Abstract
Abstract
A slight perturbation in high-speed precision cutting could cause violent vibration of boring bars, resulting in unexpected wear and failure of the structures. In this paper, the dynamical characteristic of a boring bar with a dynamic vibration absorber (DVA) is investigated. Considering that the nonlinear characteristics of the rubber ring play a significant role in improving the capacity of DVA, we proposed an equivalent linearization method for modeling hyperelastic rubber rings based on the experimental data of uniaxial tensile test. The relationship between the stiffness of rubber rings and the precompression parameter δ is established for two types of rubber. The equivalent linearization model shows good accuracy and calculation efficiency while the mass of the DVA is confined to a narrow space and the assumption of small strain is inherently satisfied.
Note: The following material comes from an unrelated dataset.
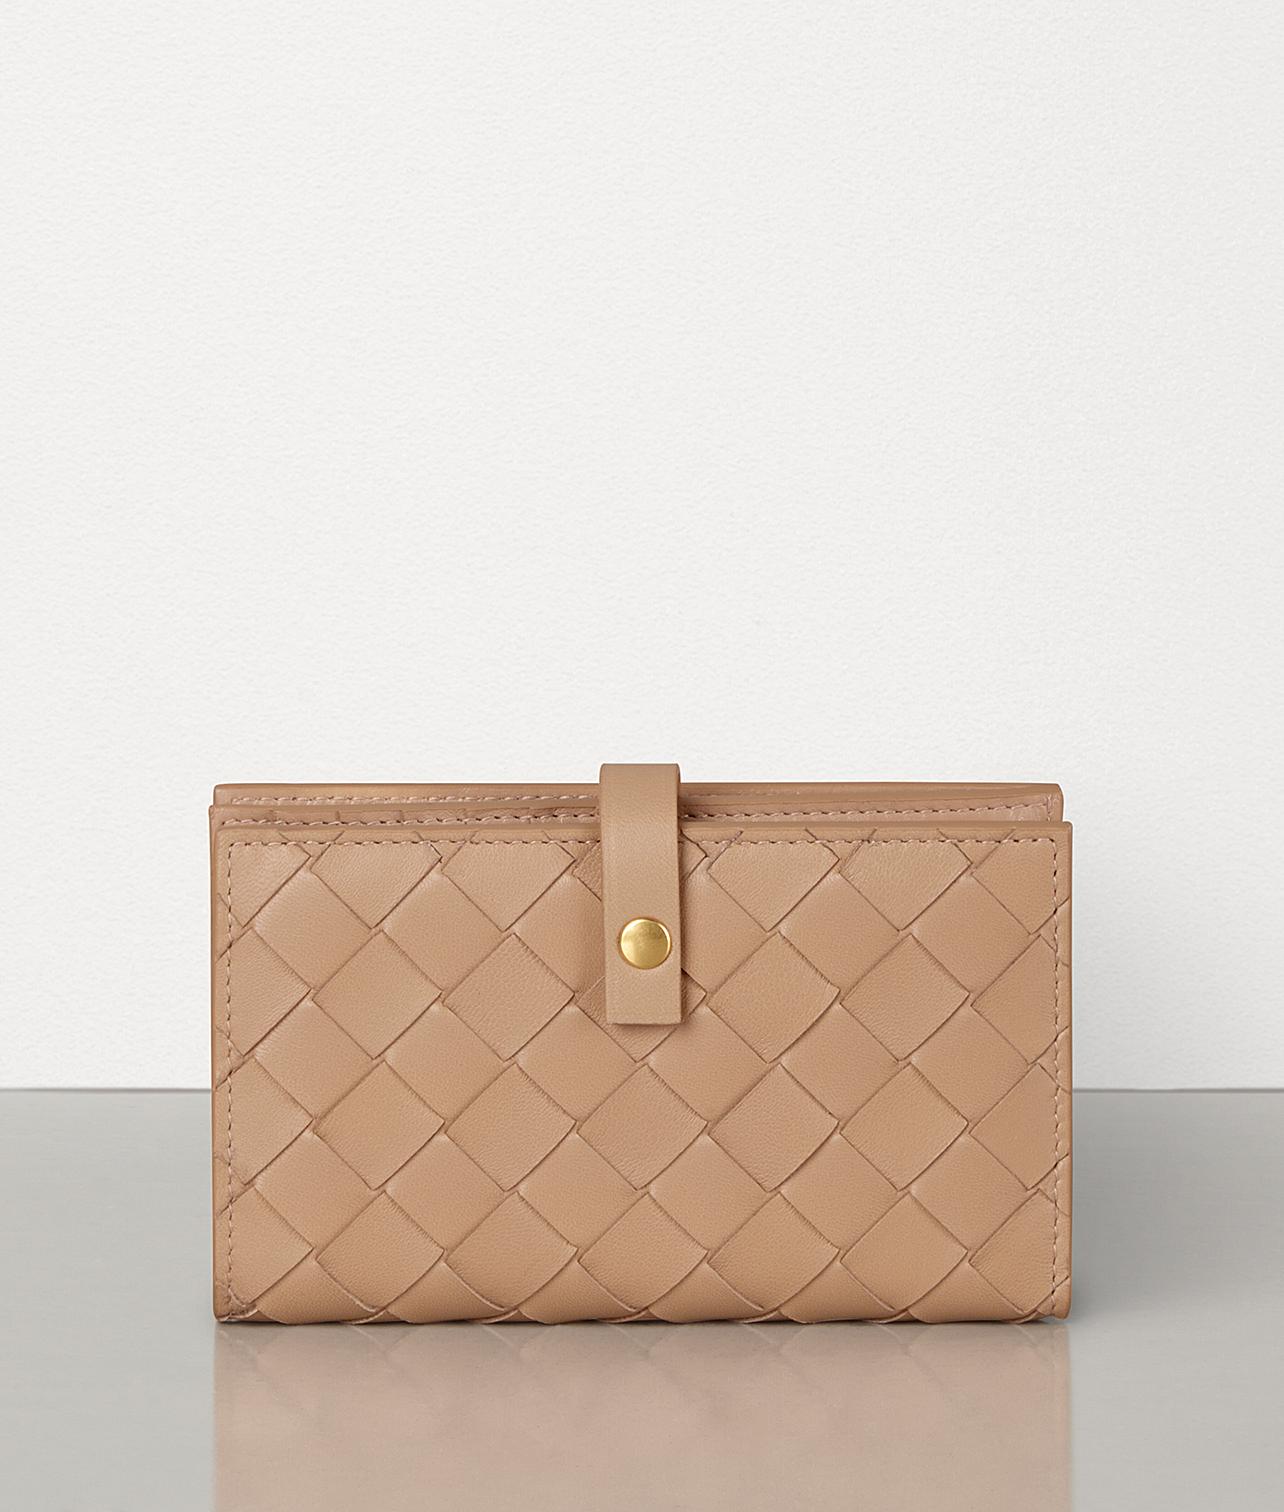 「Bottega Veneta(ボッテガ・ヴェネタ)」オススメの二つ折り財布

Numerical results show that the time cost of the equivalent linearization model is only 5% of the full hyperelastic model. Furthermore, the effect of different spring stiffnesses and damping on the dynamic characteristics of the boring bar is compared by using the equivalent linearization model, and the vibration peak of the DVA boring bar is found to be reduced about 45%. Our findings establish a simplified modeling scheme for choosing rubber rings in design of dynamic vibration absorbers with acceptable accuracy and little time cost, which could also give some reference for modeling of metal rubber and gel-like materials.